Pinawa is located beside the Winnipeg River, which offers access to boating, kayaking, canoeing, and other water recreational activities. Other attractions include an 18-hole golf course, beach, outdoor pool, tennis courts, a curling rink, a hockey arena and many kilometres of cross-country ski trails.

The Trans-Canada Trail runs through the town of Pinawa along the Riverside. Pinawa also hosts the Eastern Manitoba Concert Association or EMCA's concerts, held in the community centre's gymnasium in the secondary school building once a month between October and April.

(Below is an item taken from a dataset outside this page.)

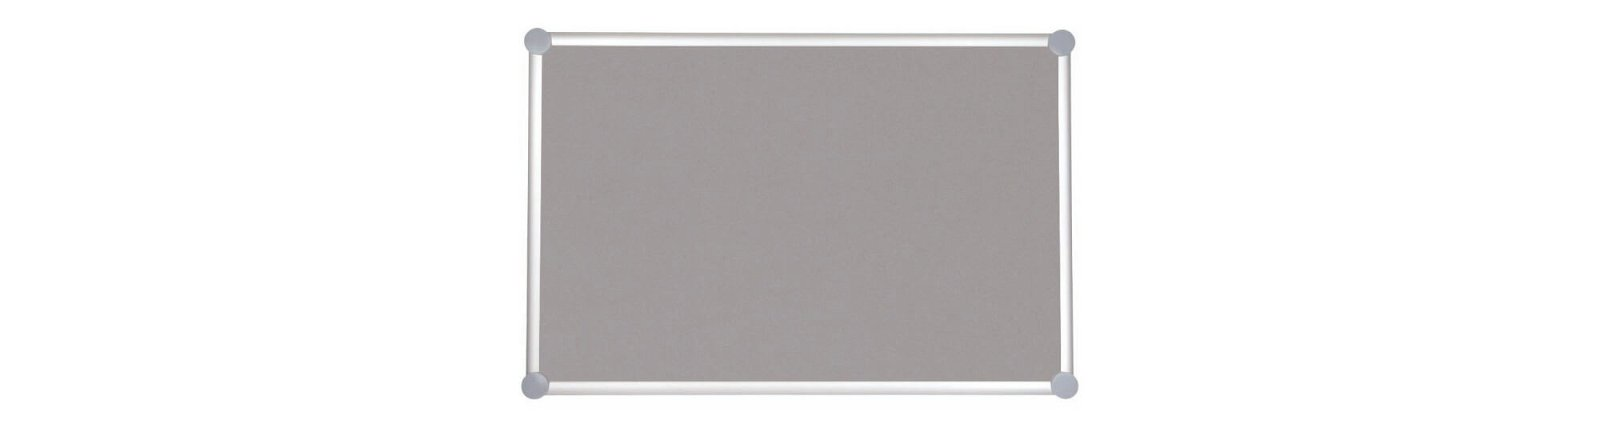 Pinnboard 2000 MAULpro, Textil, 90x120 cm, grau

Pinawa is also home to an abundance of wildlife, including deer, bears, and other species. The people of Pinawa are very familiar with white-tailed deer, although their views on them may differ. Five deer in the backyard is a common sight there, and the town is known as the Deer Capital of Manitoba.

===Climate===
Pinawa has a humid continental climate (Köppen climate classification Dfb) with warm summers and severely cold winters. Precipitation is moderate, but is somewhat higher in summer than at other times of the year.

Climate data for Pinawa
| Month | Jan | Feb | Mar | Apr | May | Jun | Jul | Aug | Sep | Oct | Nov | Dec | Year |
| Record high °C (°F) | 8 (46) | 12 (54) | 20 (68) | 32.5 (90.5) | 34.5 (94.1) | 37.5 (99.5) | 35 (95) | 35.5 (95.9) | 36 (97) | 27.2 (81.0) | 23.3 (73.9) | 10 (50) | 37.5 (99.5) |
| Mean daily maximum °C (°F) | −12.6 (9.3) | −7.8 (18.0) | −0.4 (31.3) | 9.7 (49.5) | 18.1 (64.6) | 22.2 (72.0) | 24.8 (76.6) | 23.7 (74.7) | 17.3 (63.1) | 9.8 (49.6) | −1.3 (29.7) | −9.8 (14.4) | 7.8 (46.0) |
| Daily mean °C (°F) | −18.1 (−0.6) | −13.7 (7.3) | −6.2 (20.8) | 3.4 (38.1) | 11.4 (52.5) | 16.2 (61.2) | 18.9 (66.0) | 17.7 (63.9) | 11.8 (53.2) | 5.1 (41.2) | −4.9 (23.2) | −14.5 (5.9) | 2.3 (36.1) |
| Mean daily minimum °C (°F) | −23.5 (−10.3) | −19.5 (−3.1) | −12 (10) | −2.9 (26.8) | 4.7 (40.5) | 10.1 (50.2) | 12.9 (55.2) | 11.6 (52.9) | 6.3 (43.3) | 0.4 (32.7) | −8.5 (16.7) | −19 (−2) | −3.3 (26.1) |
| Record low °C (°F) | −43.9 (−47.0) | −47.8 (−54.0) | −39.4 (−38.9) | −28.9 (−20.0) | −13.9 (7.0) | −3.9 (25.0) | −0.6 (30.9) | −1.5 (29.3) | −6.7 (19.9) | −15.5 (4.1) | −34.5 (−30.1) | −40 (−40) | −47.8 (−54.0) |
| Average precipitation mm (inches) | 21.7 (0.85) | 16.9 (0.67) | 27.3 (1.07) | 31.9 (1.26) | 59.5 (2.34) | 94.5 (3.72) | 78.3 (3.08) | 71.5 (2.81) | 64.1 (2.52) | 45.5 (1.79) | 30.6 (1.20) | 23.7 (0.93) | 565.3 (22.26) |
Source: Environment Canada

== Demographics ==
In the 2021 Census of Population conducted by Statistics Canada, Pinawa had a population of 1,558 living in 708 of its 797 total private dwellings, a change of from its 2016 population of 1,504. With a land area of 126.51 km2, it had a population density of in 2021.

== Infrastructure ==
Pinawa has a hospital with 24 hour emergency service, doctors' offices, and an ambulance station. There is a small shopping centre with a post office, credit union, grocery store, bakery, hairdresser, and the offices. The town also has a motel, a conference centre, and an art gallery.

==Education==

Pinawa has two schools: F.W. Gilbert Elementary School for students in Kindergarten up to grade six, with about 85 students, and Pinawa Secondary School for grades 7–12, with about 110 students. The schools of Pinawa comprise their own school district, the School District of Whiteshell.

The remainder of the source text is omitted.